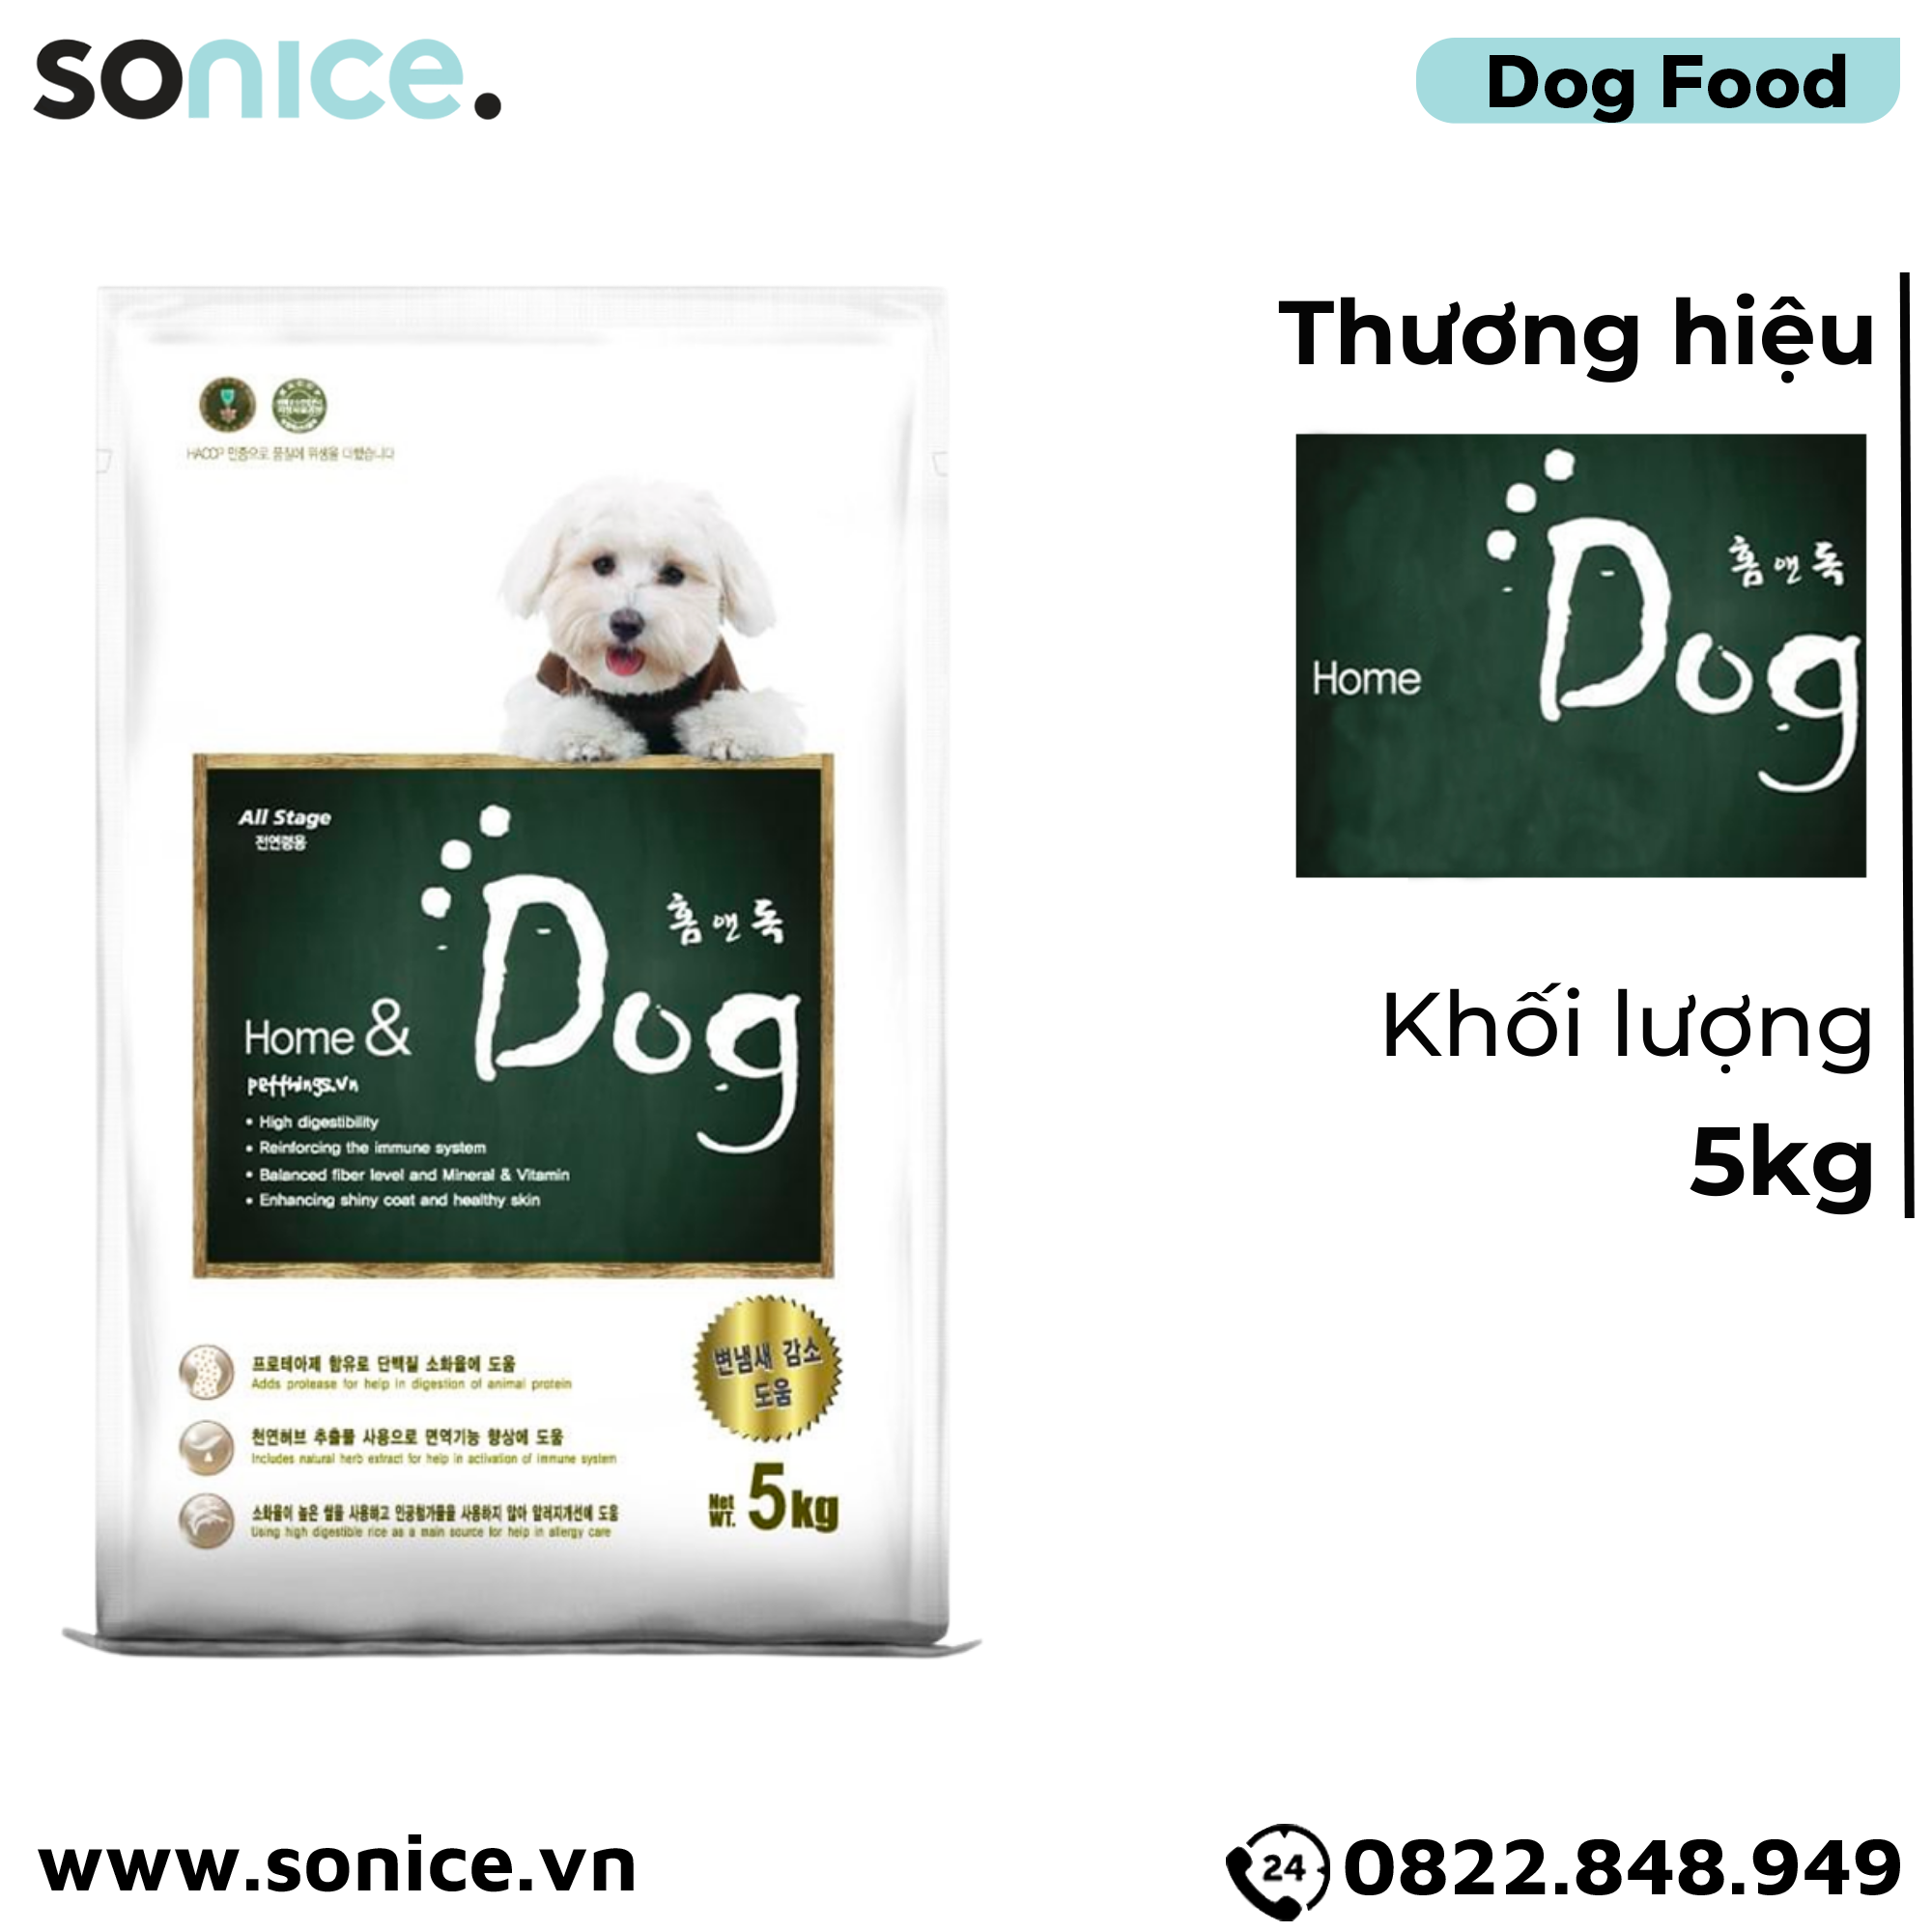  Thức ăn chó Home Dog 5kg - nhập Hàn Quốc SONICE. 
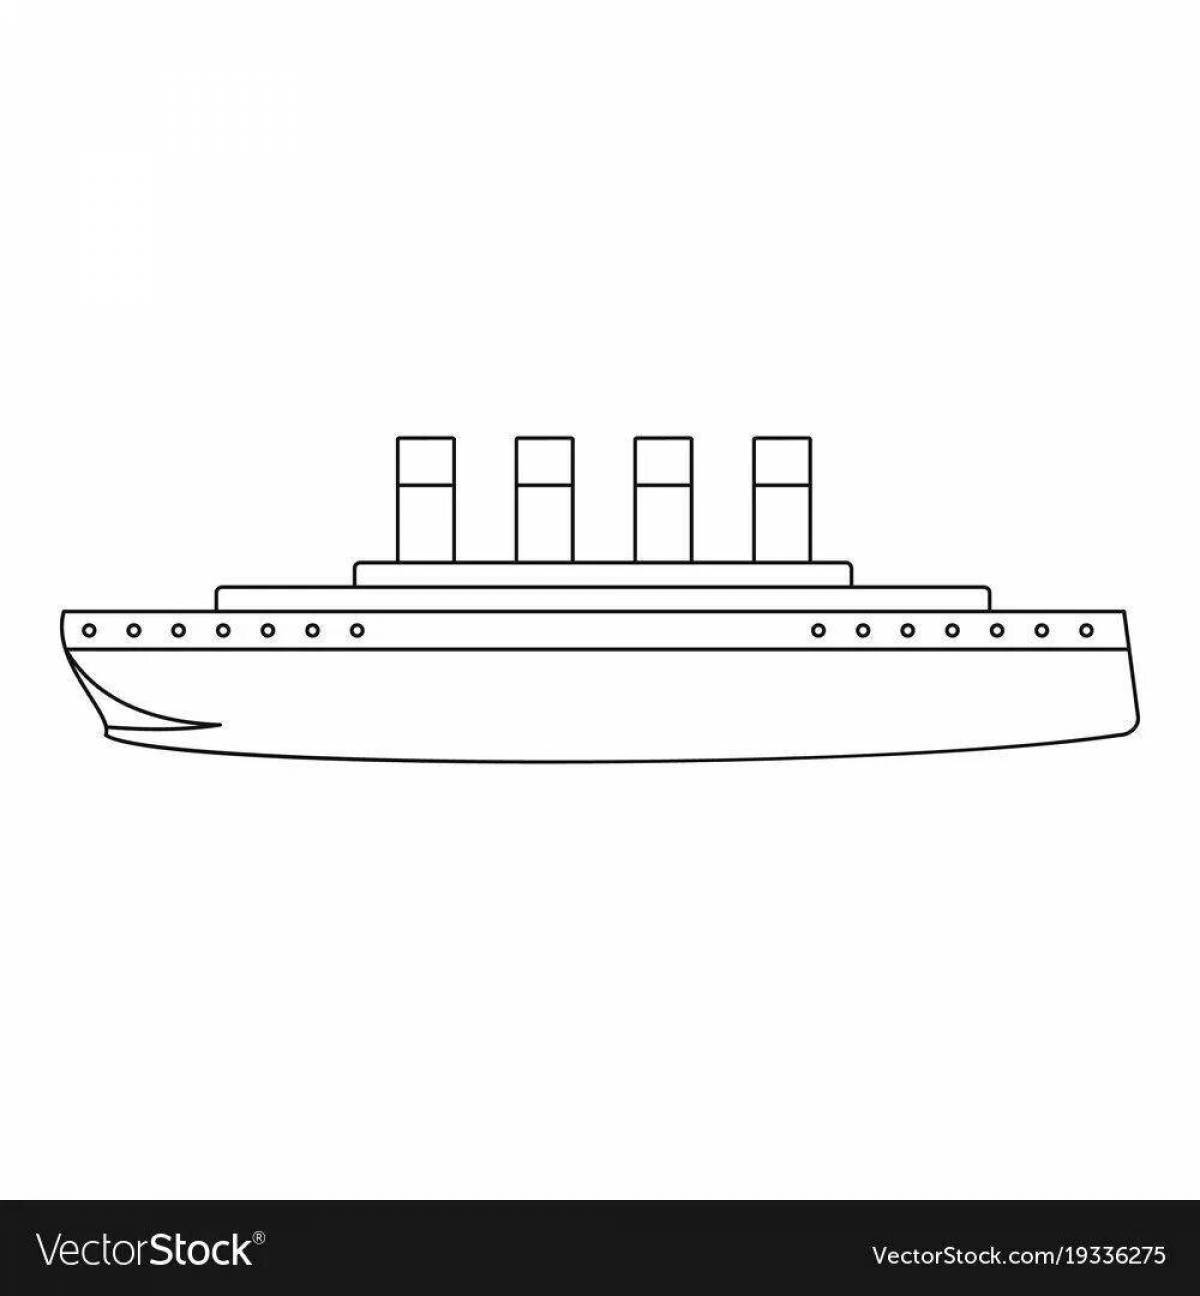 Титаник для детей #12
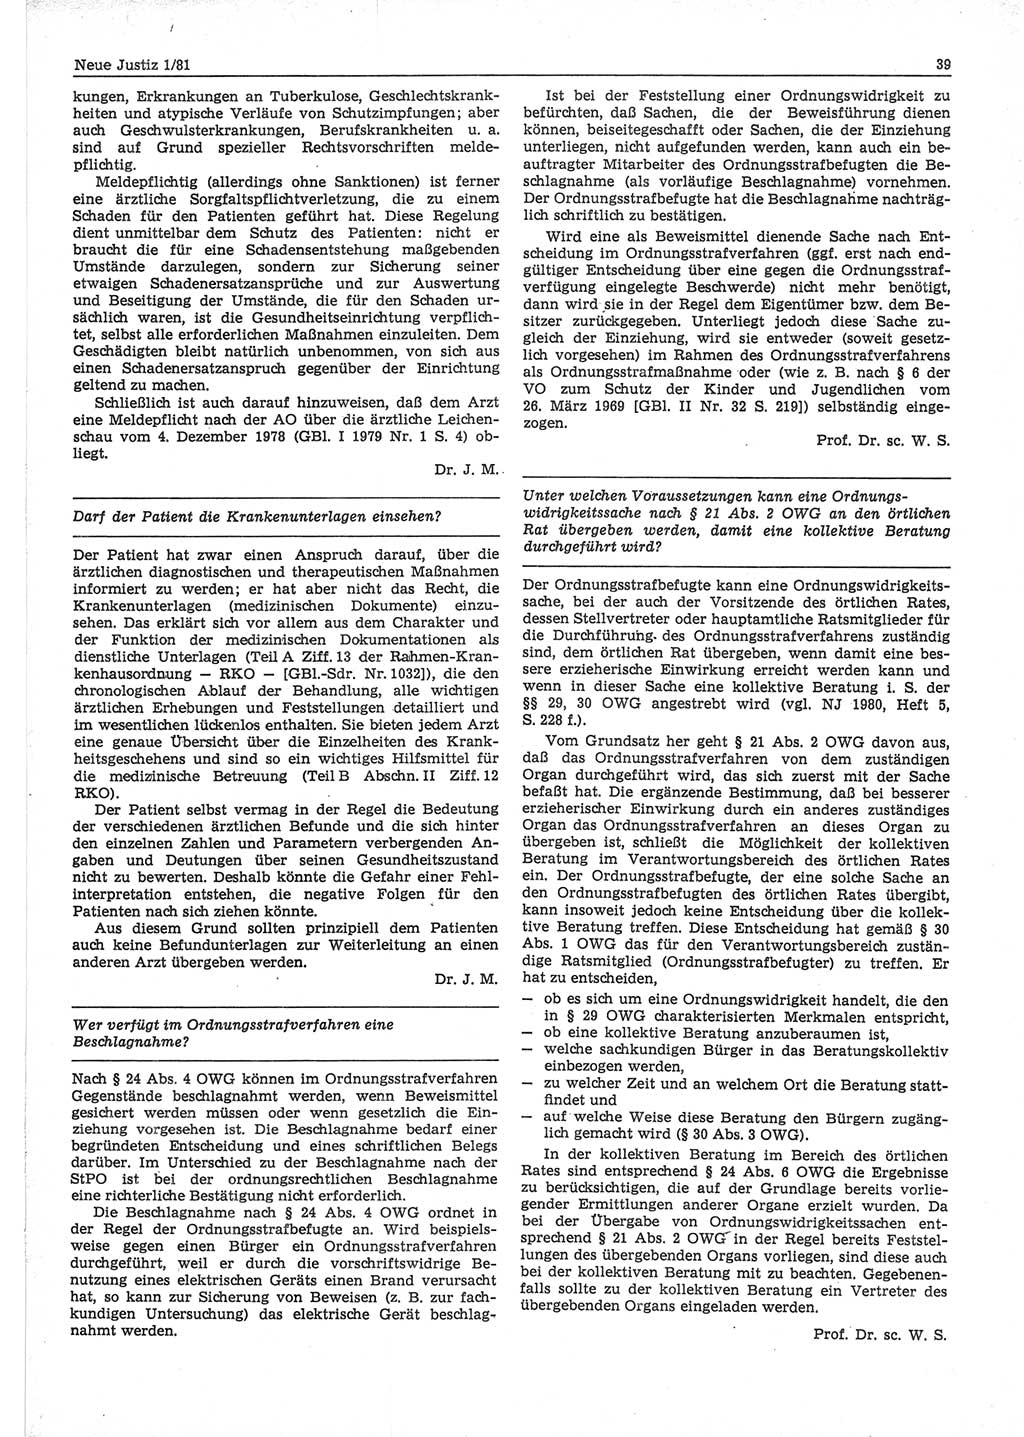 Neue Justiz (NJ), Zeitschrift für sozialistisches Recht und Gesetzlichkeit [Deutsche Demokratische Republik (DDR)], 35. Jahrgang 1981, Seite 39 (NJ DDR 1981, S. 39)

*THE TASK*.
Write the material above out again exactly. Omit every image.

*SOLUTION FOR THIS PROBLEM*.
  Thức ăn chó Home Dog 5kg - nhập Hàn Quốc SONICE. 
 Титаник для детей #12
 Neue Justiz (NJ), Zeitschrift für sozialistisches Recht und Gesetzlichkeit [Deutsche Demokratische Republik (DDR)], 35. Jahrgang 1981, Seite 39 (NJ DDR 1981, S. 39)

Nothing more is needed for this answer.